Growing up in the Heartland, deep in the Bible Belt, I felt the pull of religion throughout my entire childhood and I hated it.

My mother was a lapsed Catholic who converted to Judaism to marry my father, and my father was (and is) a secular Jew who is culturally Jewish, but spiritually agnostic. It was a pretty Godless upbringing and I liked it at home, but at school it was something else.

All of the other kids had their Sunday schools and their church days and their youth groups and their extreme beliefs, and at a certain point, it was overwhelming as a child to NOT have beliefs. That is where summer camp like Camp Quest comes in.


Camp Quest is a summer camp for kids like me. It's for the children of atheists, agnostics, secular humanists, freethinkers, and other non-religious types. In short, it's a place where people who often feel like they don't have a community or a "youth group" can find other like-minded people who will not belittle them or make them feel guilty, but will encourage them.

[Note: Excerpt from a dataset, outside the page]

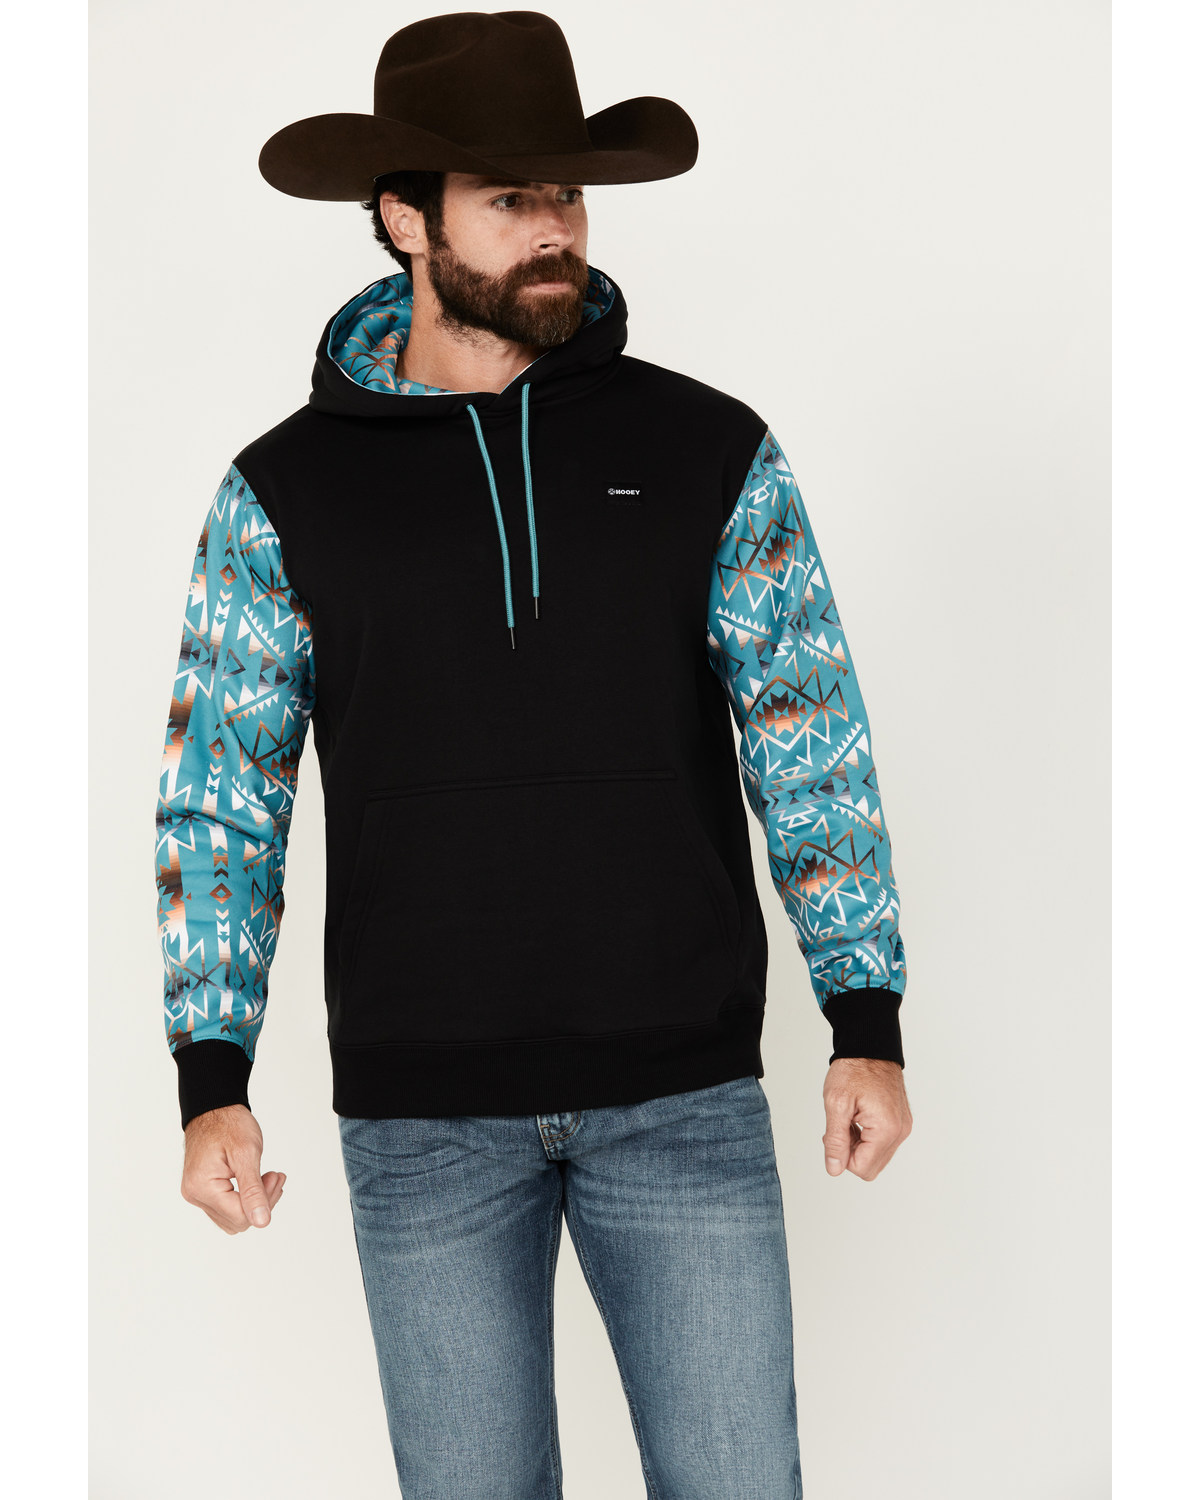 Hooey Men's Boot Barn Exclusive Southwestern Color Block Hooded Sweatshirt

The fact is, children are masters of black and white thinking. As many of us get older, we (thankfully) begin to engage more of our brains and we become open to the possibilities beyond the rules of our childhood. Many of us (even those of us raised in strict, religious households) become free thinkers. And that is what this camp is all about.

The camp teaches kids about the democratic process and certainly models what any good citizen would do -- sharing, creative and critical thinking, ethical living. But they don't believe in G-d. And they've found a space in which those beliefs (or lack thereof) are actually encouraged.

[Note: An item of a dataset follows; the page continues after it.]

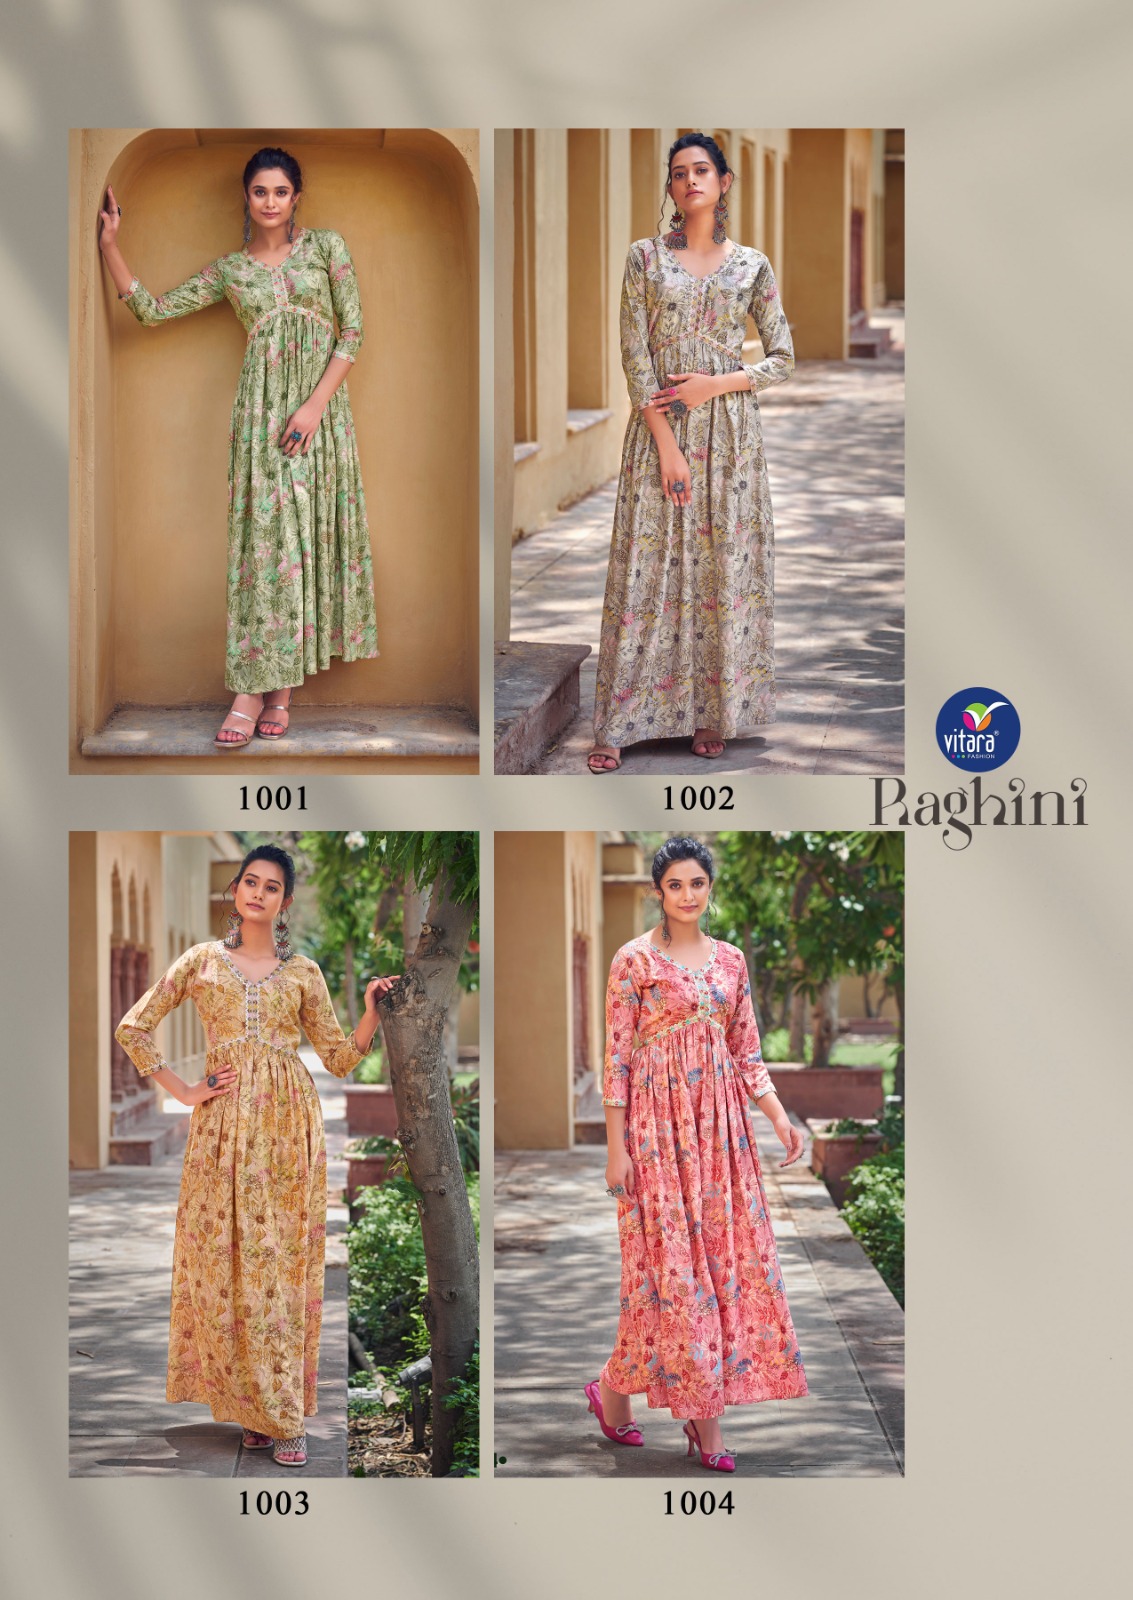 Vitara Fashion Raghini 1001-1004

After leaving the insular, religious area I grew up in (thankfully) at 16, I moved to a part of the Northeast where religion -- and all its trappings -- was actually not as common. Now, I can't name a single person I know closely who considers themselves religious. No one judges me or tells me I am going to hell as they did when I was a child.

My children will be raised pretty much free of religion, too. I think it's a gift. To have the tools to be a moral and upright person, but not the weight of archaic and sometimes illogical beliefs is freeing. There is a reason why so many people who experience great success are also atheists.

Warren Buffett, Steve Wozniak, Stephen Hawking, and Mark Zuckerberg are just a few of the many, many famous and successful people who don't believe in G-d. It's freeing when you have no one to answer to and no after-life to aspire to. All you have is here and now and you want to make it count.

I would consider this camp for my children in a second. Would you?